That one was arguably the least graphic, but still made me blush so hard as I thought back to the things that he had done with my body and that damn candle.
He sent me pictures too.
Nothing as vulgar as a dick pic, though part of me was a little disappointed at that. Instead, he sent images that were less vulgar, but somehow so much more erotic.
I’d gotten pictures of the front of his pants, his belt along with the top button of his pants undone. His fist gripping the buckle of his belt as he pulled it from his slacks. Another with his hand gripping a candle, reminding me of the dirty things that he had done with those. Another of just his hand on a stone altar, his fingers splayed and bent like he was trying to grip onto the flat surface. Just like they were when he said my name as he came inside me after laying me on that cold stone slab.
Every time he sent me a text, or photo, I typed out a message, sometimes telling him to stop, other times begging him for more. I never sent them.
I kept thinking that maybe one day I would? Maybe one day my finger would slip and instead of hitting Delete, I’d hit Send.
It hadn’t happened yet.
Talking to Amelia last week, she mentioned he had come for dinner, and they had actually had a great time. Luc was even excited about getting his little brother back, but then, just like that, the next morning, he was gone. Back to Rome.

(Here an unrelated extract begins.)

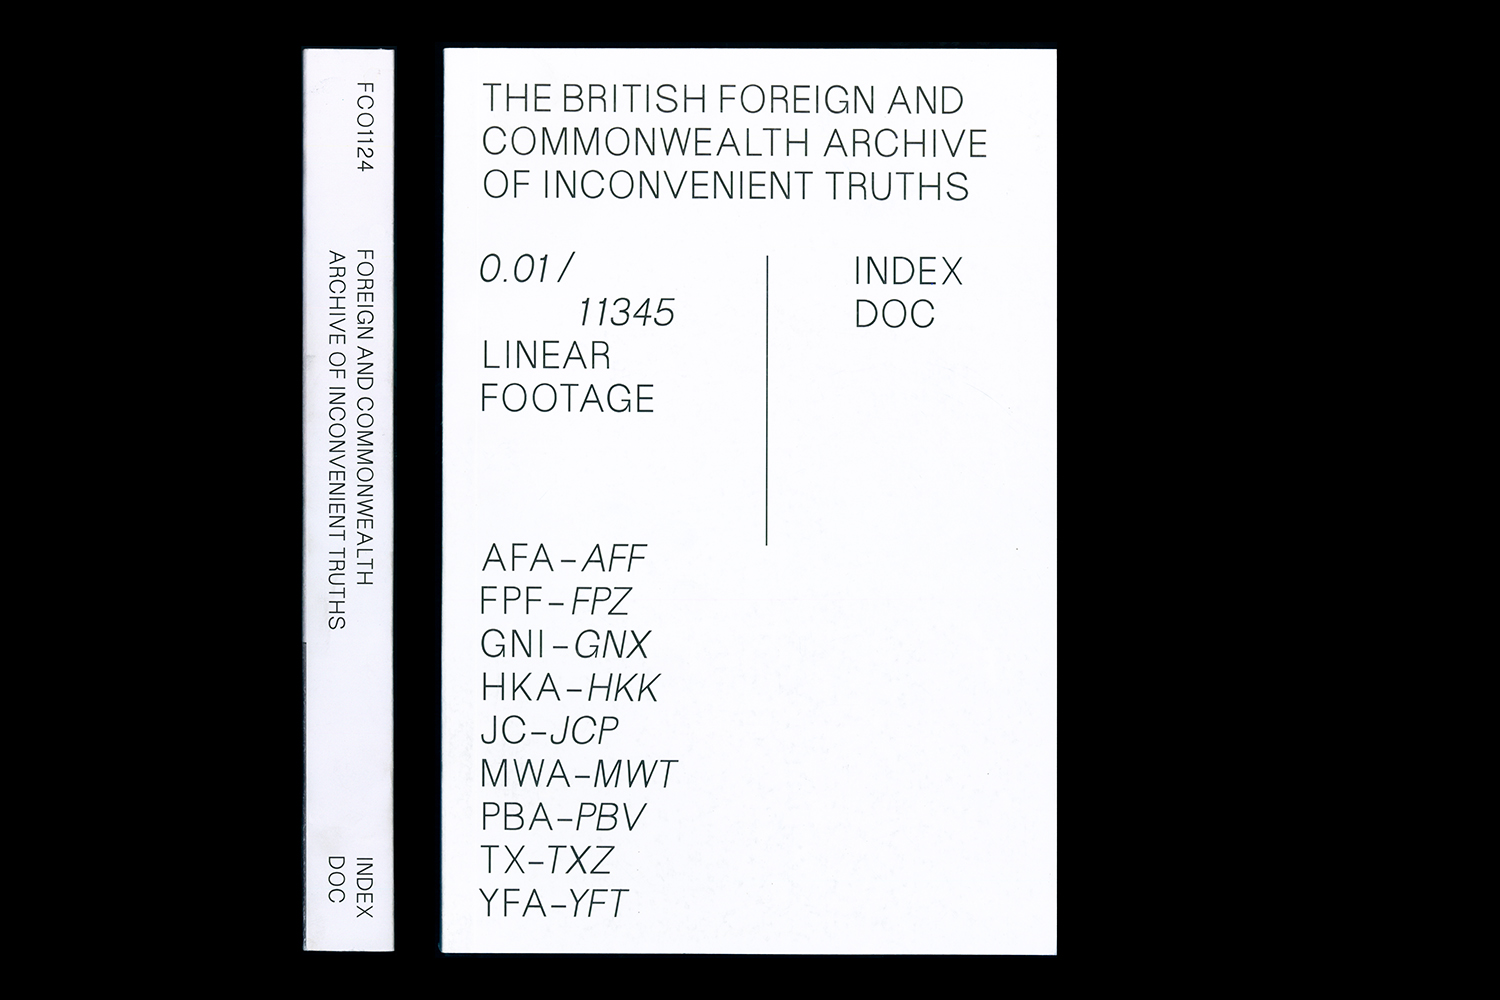 The British Foreign and Commonwealth Archive of Inconvenient Truths by Tom Finn

At least that explained why he was in such a similar time zone as me. I tried to forget him. I tried so hard to ignore his endless text messages and calls, and I just couldn’t. He was relentless, and I was so dependent on it. I even held my thumb over the button to block his number so many times, but I just couldn’t bring myself to push it.

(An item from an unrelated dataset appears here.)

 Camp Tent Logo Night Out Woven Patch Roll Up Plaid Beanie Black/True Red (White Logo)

I needed to end this chapter with him. This wasn’t healthy. Not just because he was a priest, that was enough. But I needed his messages too much. I actually got upset when I went more than a few hours without one.

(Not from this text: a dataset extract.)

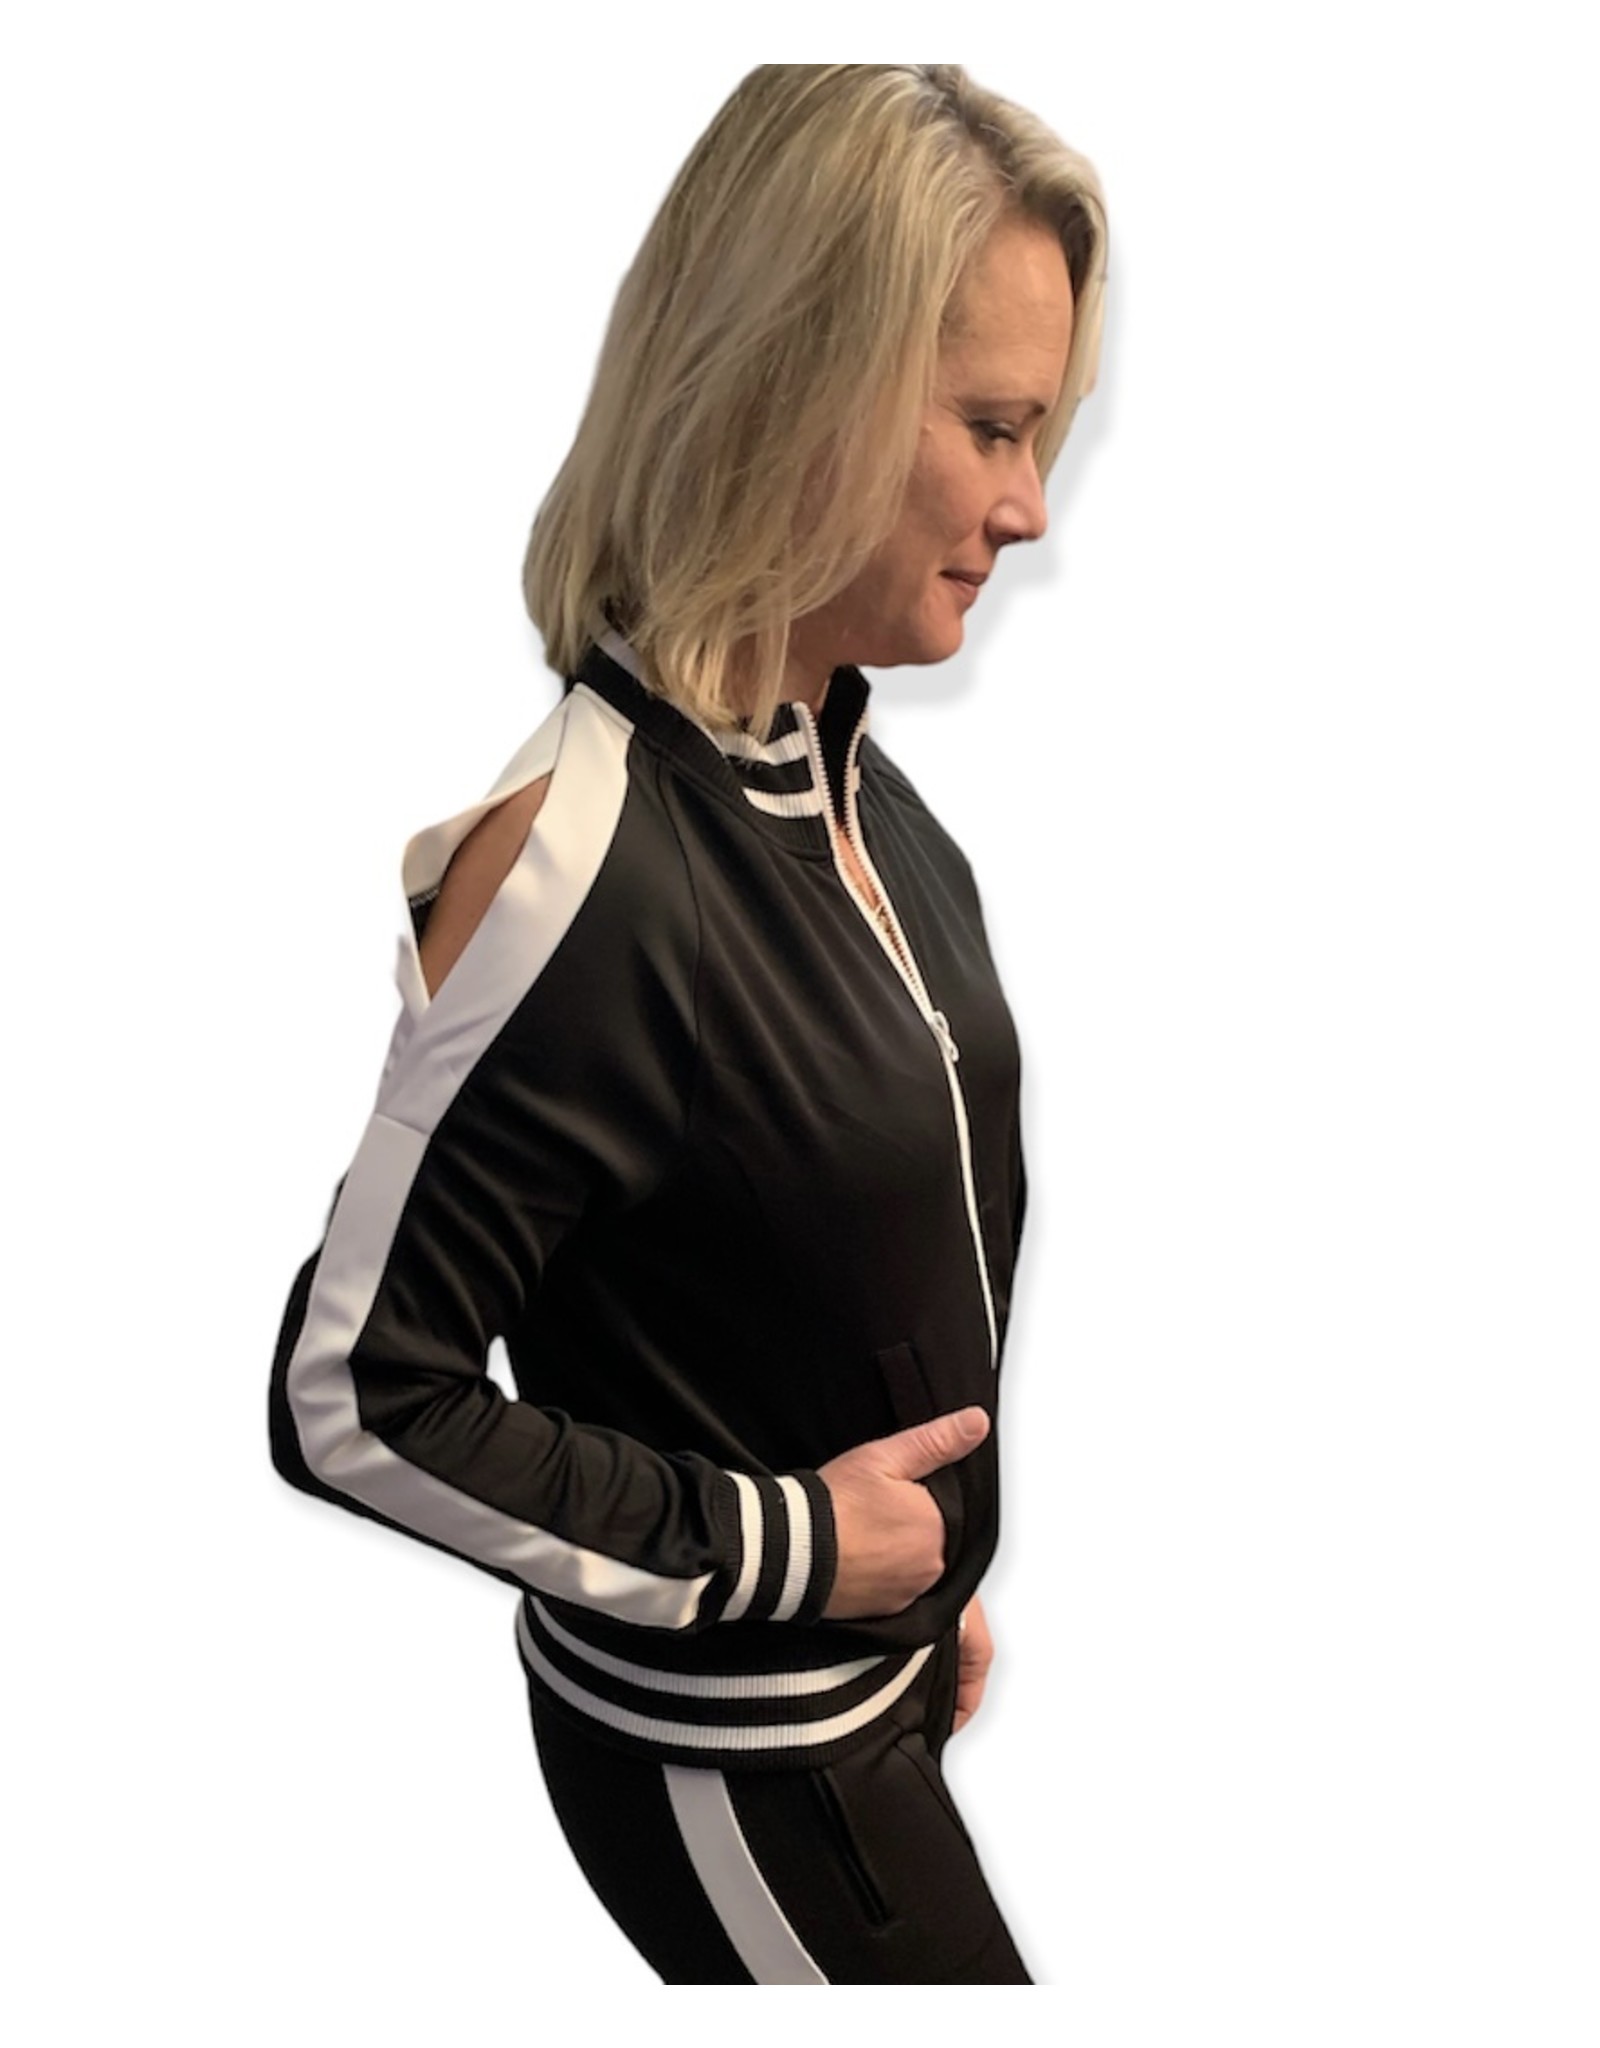 LATA On the Go B&W Jacket w/ Cold Shoulders

It felt like I was in some kind of weird, one-sided relationship with my phone, but I wasn’t the one sending messages. I was the one refusing to respond.
London was supposed to help me move on without Father Manwarring. It was supposed to help me figure out who I was without his or anyone else’s influence. Still, so much of my life revolved around his unanswered text messages.
I slid my phone open and looked at his latest message.
You look beautiful.
I couldn’t help the smile that painted my lips. Even knowing that he wasn’t here, that he did not know what I looked like at this moment or even where I was. Still, the idea of him finding me beautiful made my heart skip a beat.
I put down my canvas and focused on my phone, cradling it in my lap as I typed out the response that I knew I would not send.
How do you know?
My thumb, like it always did, just hovered over the button, aching to press it and then moving to the Delete button. I hovered over that one too. Not ready to touch it.
This was ridiculous. If I didn’t respond, eventually he’d stop sending messages. But if I responded, didn’t that just encourage him? Didn’t I want to encourage him?
“Go ahead,” a deep voice said behind me. I sat up straighter, knowing that voice, my breath catching in my throat as I closed my eyes and prayed that I didn’t imagine it. “Press Send, angel.”
CHAPTER 39
THOMAS
She really looked so beautiful sitting there on her little blanket. Surrounded by a bottle of wine and small picnic with her canvas on her lap, her fair skin and dark hair contrasting with the muted colors of the cemetery in winter, she really looked like she should be the subject of a painting, not the actual artist.
She shifted to get up, and I stood in front of her, close enough to stop her from moving, so she stayed on her knees in front of me. Fuck, I loved her in that position, looking up at me with her big, innocent-looking green eyes.
I put my hand under her chin, tilting her head up so she met my eyes, and pressed my thumb to her lips. She immediately parted her lips for me, so my thumb was pressing between her teeth.
“You have been a very bad girl, angel. Running off like that.” I clicked my tongue as if I were disappointed. “What am I going to do with you?”
I took my thumb out of her mouth and ran it over her bottom lip, giving her permission to speak. Her eyes widened for a moment, then softened. She liked it when I took control. I just had to make her admit it.
“I had to—I had to get away from New York, from the expectations everyone—and you—had for me. I had to leave for my sanity.” The words rushed from her, and I knew she meant every single word.
“And why did you have to get away from me, little angel?”
“Because there’s no future with you,” she said with a sad shrug of her shoulders, her eyes casting down to the ground.